Community services now facing total loss of funding in some areas, warns Locality's Tony Armstrong

The community organisation membership body's chief executive says organisations are bracing themselves for deeper cuts than previous 'salami-slicing'

Tony Armstrong
Tony Armstrong

Community services will no longer face "salami-slice" cuts but a total loss of funding in some areas, the chief executive of the community organisation membership body Locality has warned.

Speaking to Third Sector at Locality’s annual convention in Liverpool yesterday, Tony Armstrong said that many community organisations had stabilised after previous funding cuts, but they were now bracing themselves for deeper cuts before the announcement of the government’s spending review later this month.

The review, which will be announced in parliament on 25 November, will set out government department budgets for the period from April 2016 to March 2020.

"The general mood has been that people have got through the past few years and they have adjusted to the fact that local authorities are doing things differently," said Armstrong. "Thinking about the future, services are no longer going to be incrementally sliced and face salami-slice cuts, but things are going to start disappearing. For example, in some areas there will be no provision of youth services. People are going to have to think about new ways of doing stuff."

Earlier this week, George Osborne, the Chancellor of the Exchequer, said the Department for Communities and Local Government was among four government departments that had agreed to budget cuts of about 30 per cent over four years.

Armstrong said it was difficult to predict the exact impact on the community sector because it would depend on how the funding cut was distributed across the DCLG, but he said: "I think that there's a sense of extreme trepidation about what is coming – some of that might be manageable and some of that might not be. But our members are resilient. Some have faced a 30 per cent budget cut but still say they will keep delivering a service."

Locality has been running a service called Lifeboat since 2007 to help support community organisations in crisis.
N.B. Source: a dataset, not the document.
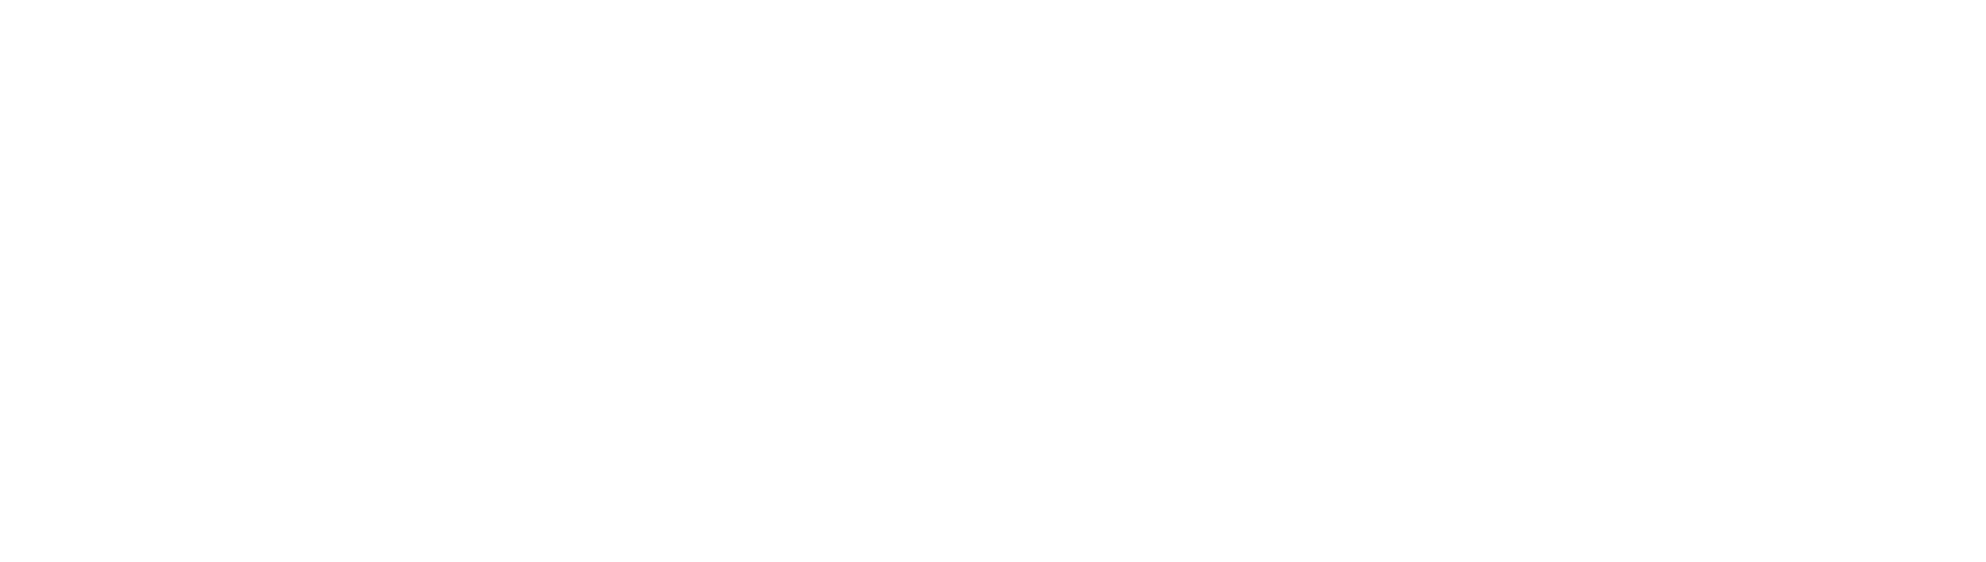 Logo: Basisfot
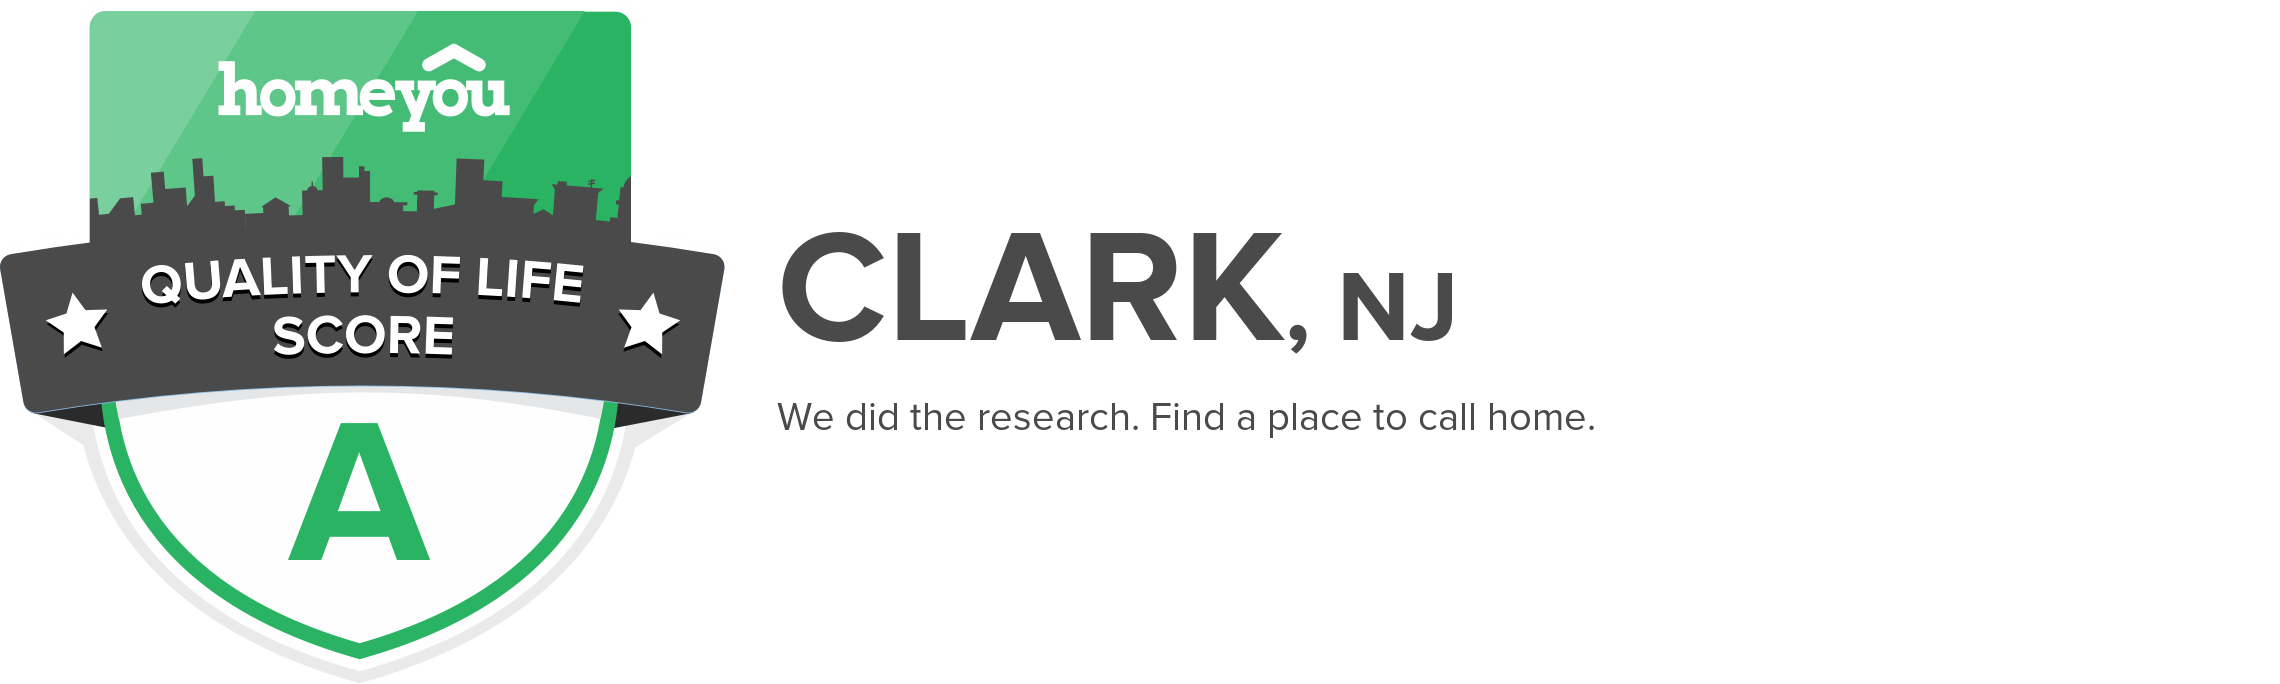 Clark, NJ

A recently published report on the service showed that it supported about one organisation a week in the financial year to March 2015.

The study said that many organisations had stayed afloat since 2008 by using their reserves and relying more on trustees and other volunteers, but this crisis-management approach was becoming unsustainable.
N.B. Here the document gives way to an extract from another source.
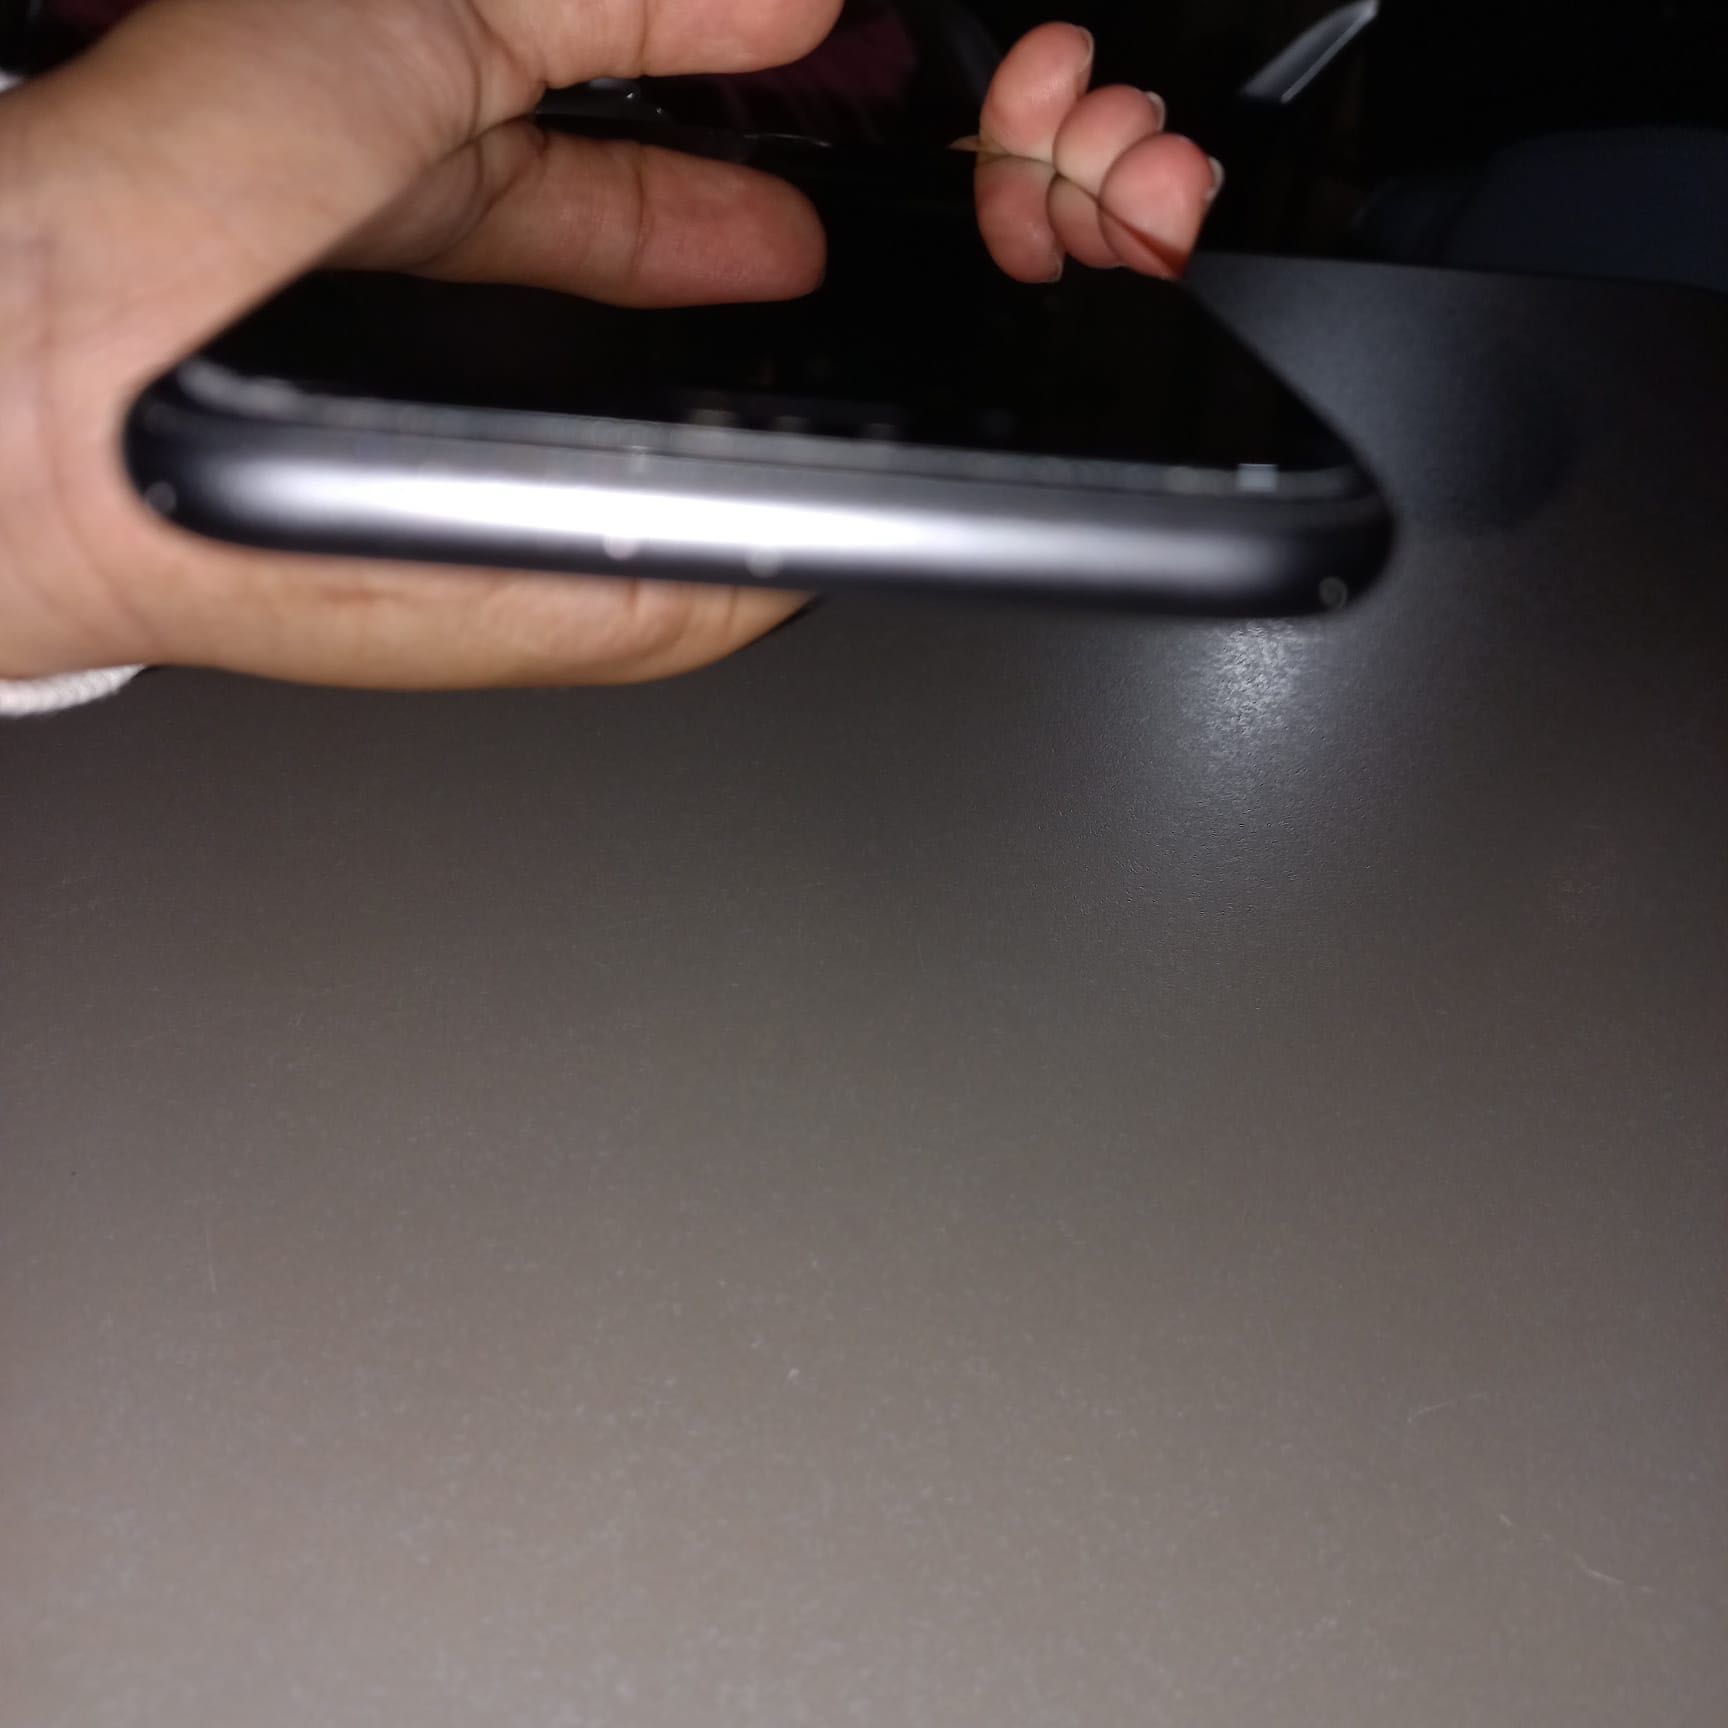 iPhone 8 cor preto

Other common issues raised with the Lifeboat service have included weak governance arrangements, a lack of management expertise and poor financial knowledge.

Armstrong said the future of the Lifeboat service was also uncertain because the programme was funded using Locality’s reserves, which he said "may or may not be sustainable".
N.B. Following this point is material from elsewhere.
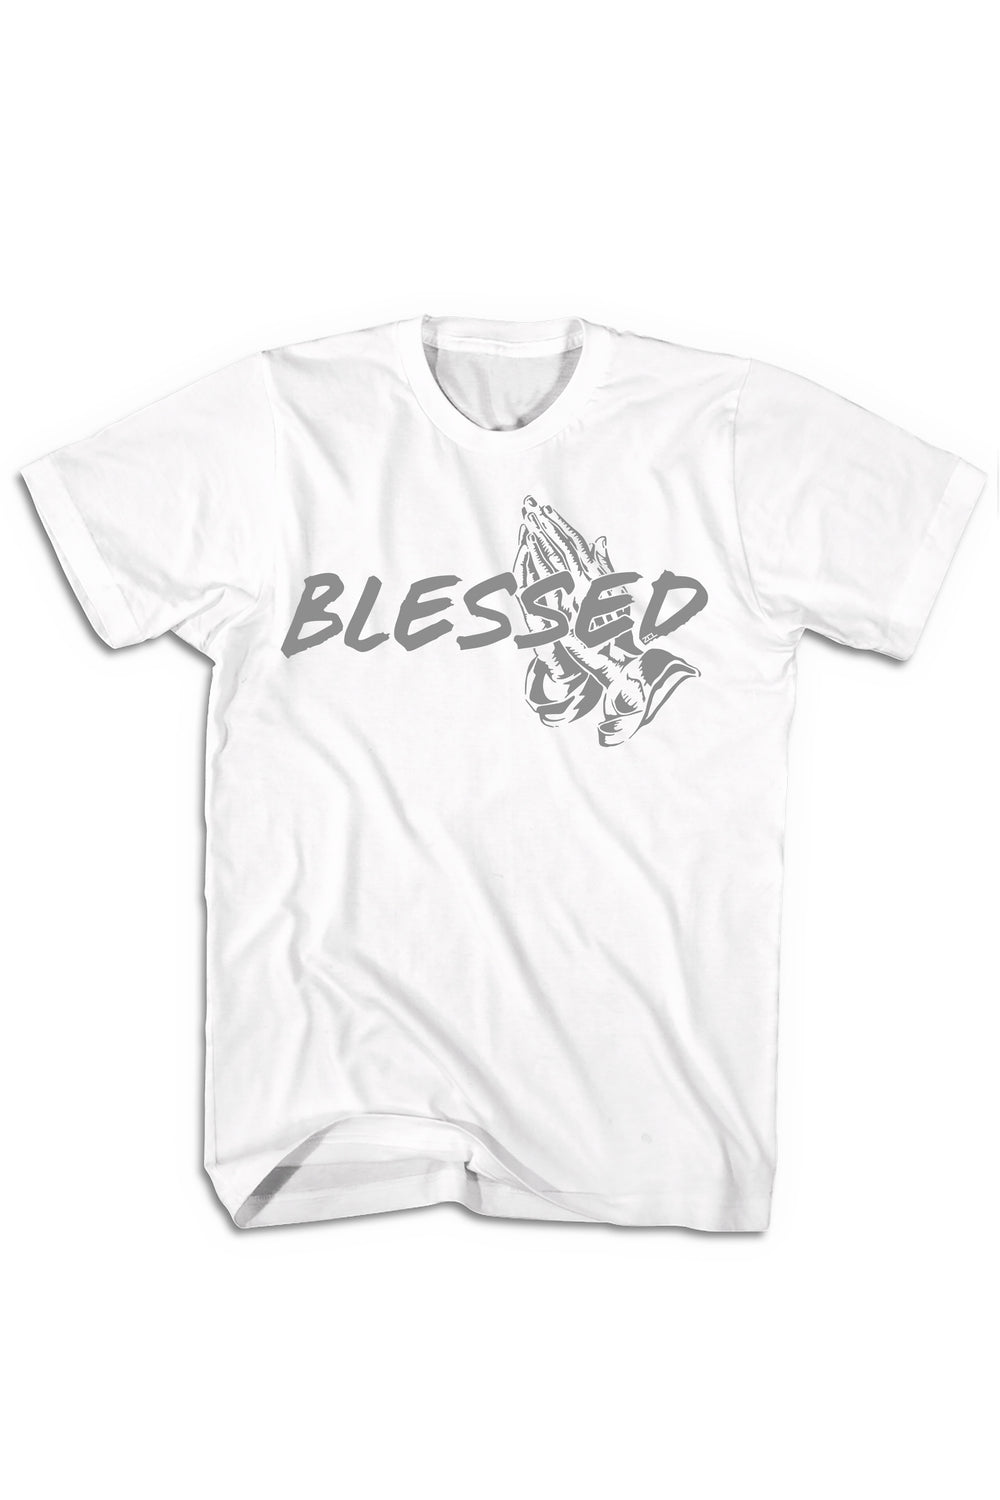 Blessed Tee (Grey Logo) - Zamage

He said he wanted funders, such as charitable foundations, to start offering grantees more organisational support to help to prevent them from reaching crisis point.

The membership body has also undertaken a "theory of change" process to determine its goals and establish what it needs to do to achieve them. As a result, said Armstrong, it intended to try to raise the profile of the organisations it supported and the importance of the role they played across the country.

"People such as MPs think that the community organisation in their area is incredibly valuable," he said. "But what they don't understand is that they're not one-off organisations."